# Mansonry paint?



## Easyriders

We need to paint the exterior walls of our house in Alentejo. It gets very hot in the summer, and very wet in the winter. The house is cement rendered.

We are not sure whether to bring paint from the UK, or buy it in Portugal. Anyone know the best paint to use ?

Thank you for any advice.


----------



## canoeman

Don't bring paint from UK it's formulated for a different climate, buy the best quality exterior flexible you can afford, most exterior painting is done this time of year


----------



## Janina k

*Reply*

Hello

Before we left the UK we spent a lot of time contacting Crown, Johnstones and Dulux paints over wether there paint was ok to use in a hot climate.
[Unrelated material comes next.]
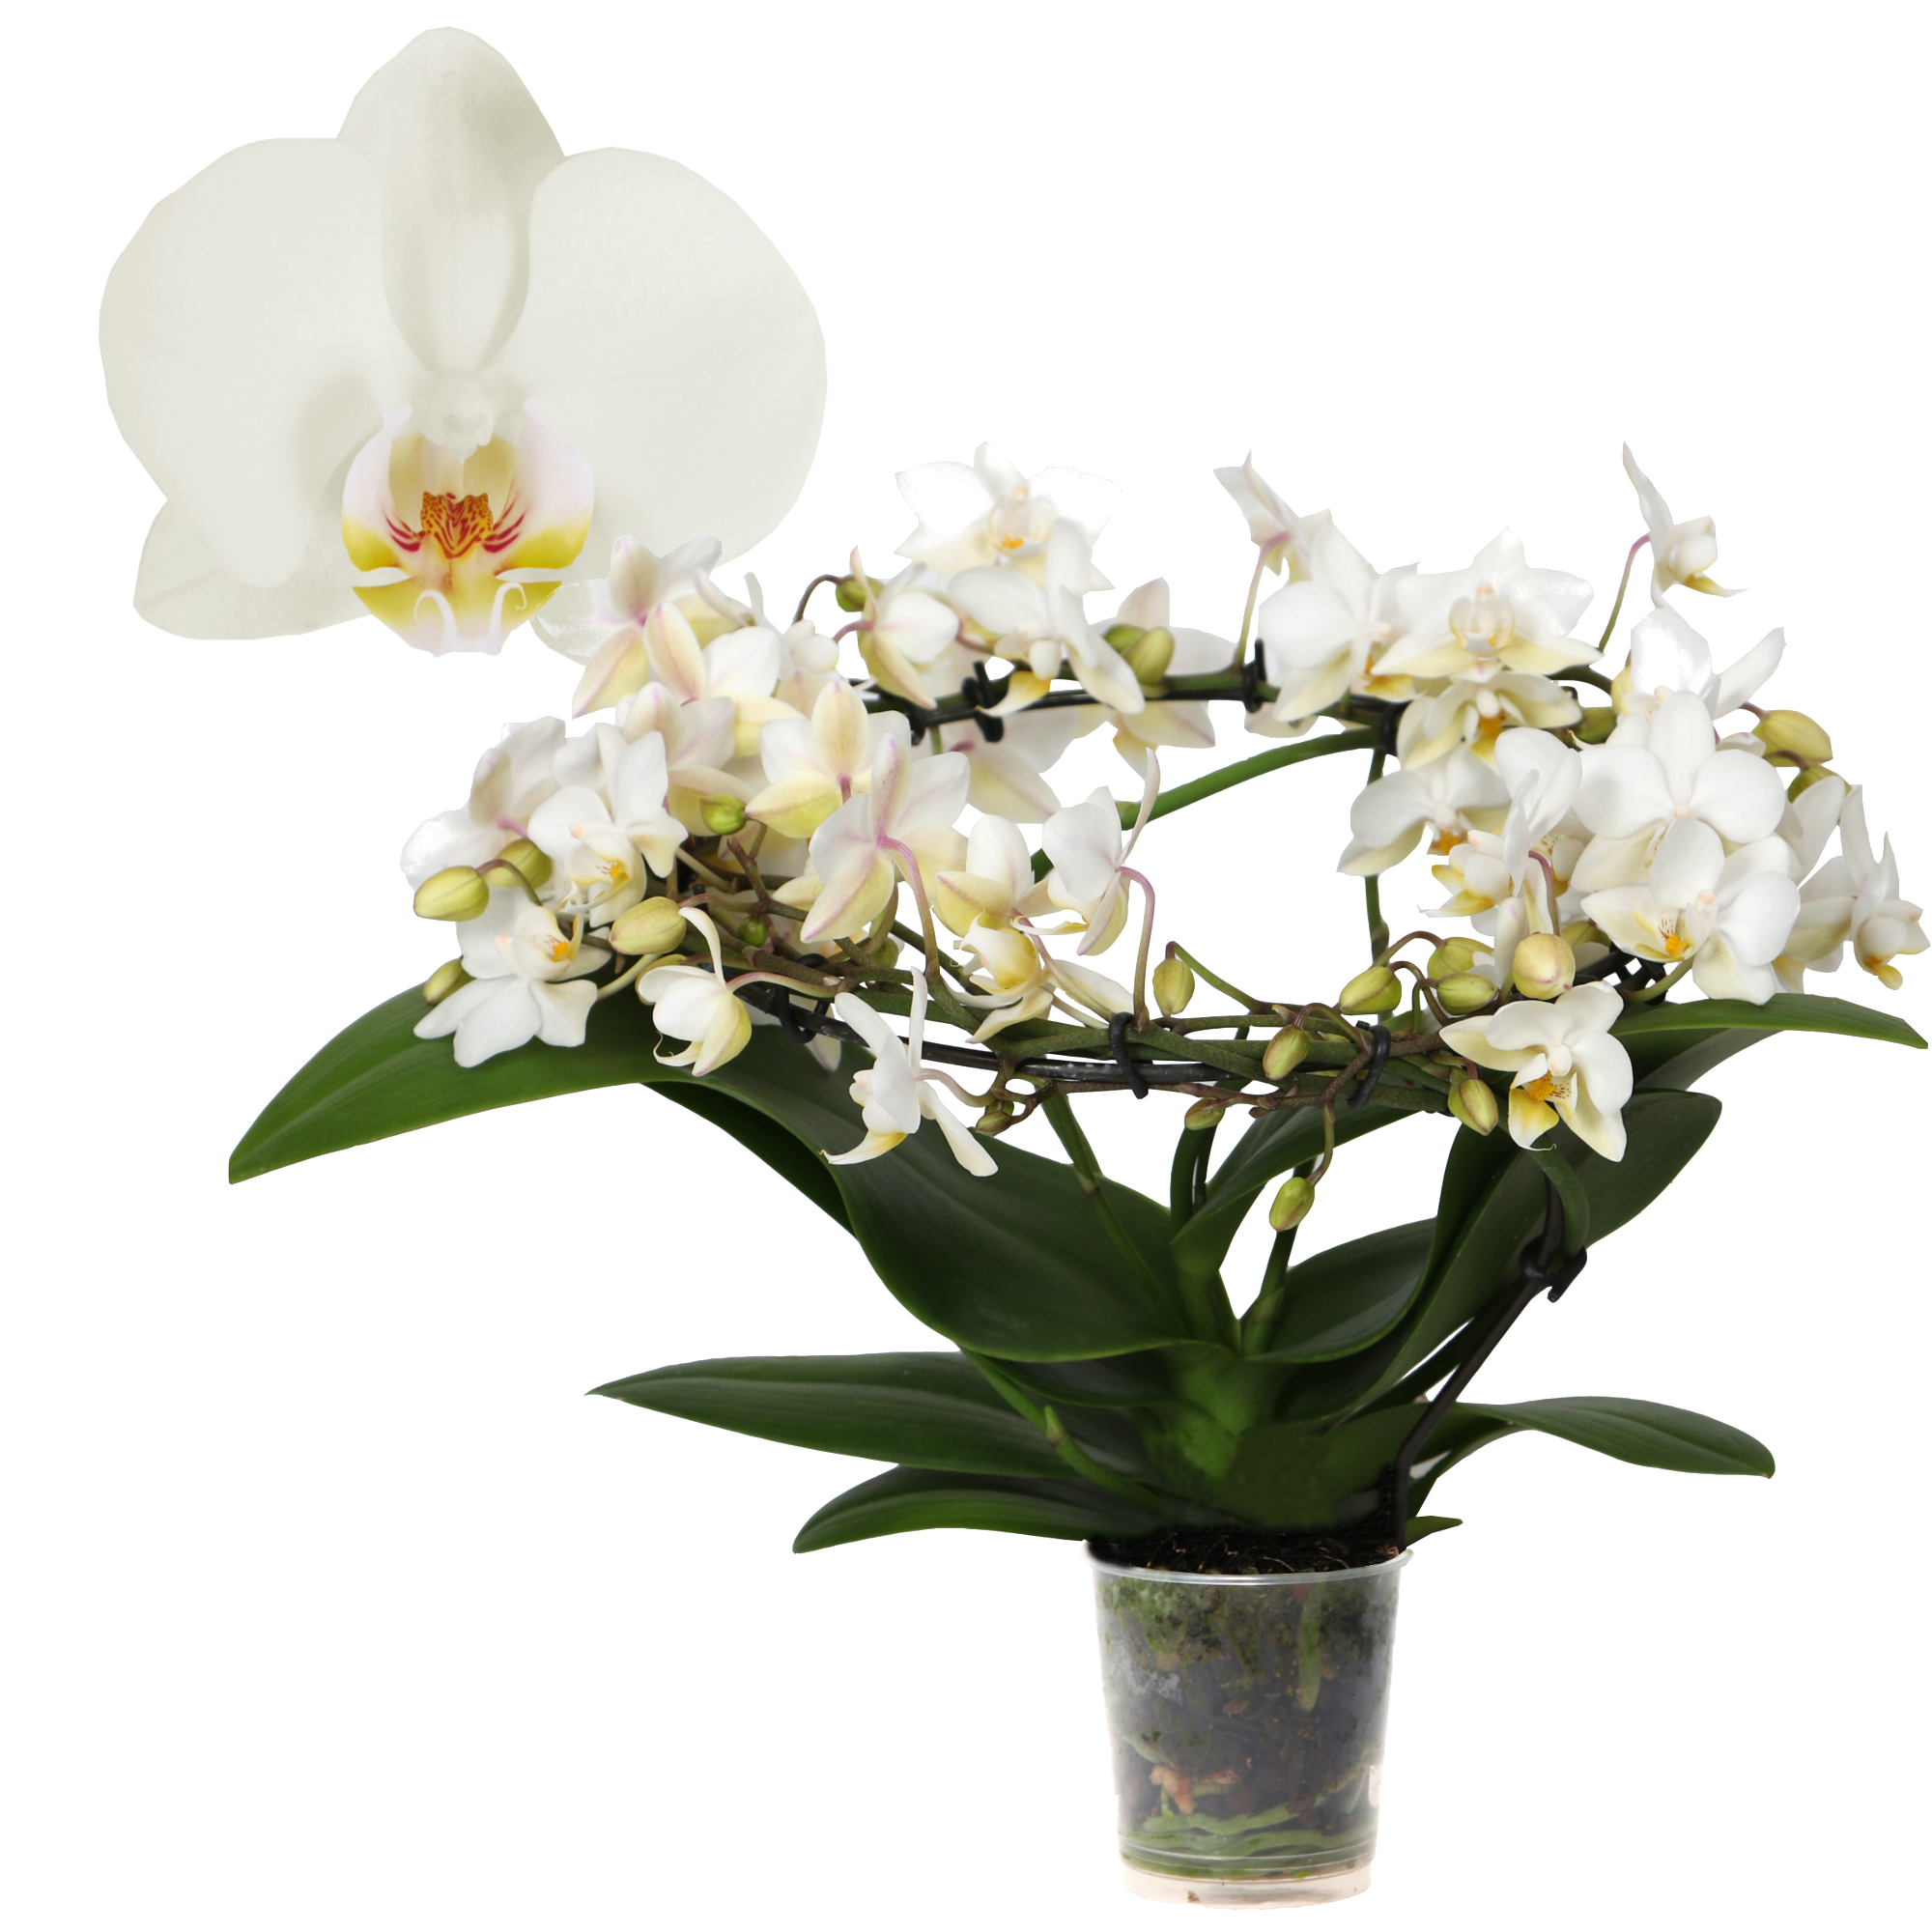 Schmetterlingsorchidee 'Halo' 3 Rispen am Bogen, weiß, 9 cm Topf + product picture

Only Crown said yes there paint would not be a problem. The other two said here paint would be ok to use but they did not answer in a way that we would be happy with they both aid yes we can see no problem but that's not good enough. We came with about 50 litre's of white for the outside of our house.

Krystyna


----------



## Easyriders

Thanks for the replies. We had been told by others that the masonry paint sold in Portugal is expensive and poor quality, so we had thought of bringing Dulux trade weathershield all seasons paint from the UK. Perhaps we should think again.


----------



## canoeman

Yes paint is expensive here but discounts are available if your prepared to haggle, poor quality not at all it's the cheap interior paints that reguire many coats to achieve density that are poor quality, plenty of good brands Robbialac, Dryup a couple 

Dulux Weathershield developed exclusively for a northern European climate really don't believe it'd cope with the heat, as Dulux or most UK paint manufacturers don't supply in Portugal must tell you something


----------



## Easyriders

canoeman said:


> Yes paint is expensive here but discounts are available if your prepared to haggle, poor quality not at all it's the cheap interior paints that reguire many coats to achieve density that are poor quality, plenty of good brands Robbialac, Dryup a couple
> 
> Dulux Weathershield developed exclusively for a northern European climate really don't believe it'd cope with the heat, as Dulux or most UK paint manufacturers don't supply in Portugal must tell you something


Thank you for your help, we had thought of the trade all seasons paint because it is solvent rather than water based, so less likely to peel. We will shop around in Portugal for the best quality we can find, we don't want to have to keep redoing this job!


----------



## canoeman

It's a flexible based paint you need not a solvent based, as with all painting preparation as important as the painting


----------



## noserhodes

it is just as important to use a primer to seal first which also results in having to use less top coat paint as the masonry wont suck it in as much. i would also recommend using an additive to your topcoat to prevent future algae damp issues, its about 5 euros a pot to mix into a 25 litre tin.
lastly you most definitely need to use flexible membrane elastica paint in this climate otherwise you will be repainting every couple of years, a good make will set you back about 50 euro per 20 litres for white, and anything up to 130 per 20 litre for colours, buy the best you can reasonably afford it will save you time and effort in the future


----------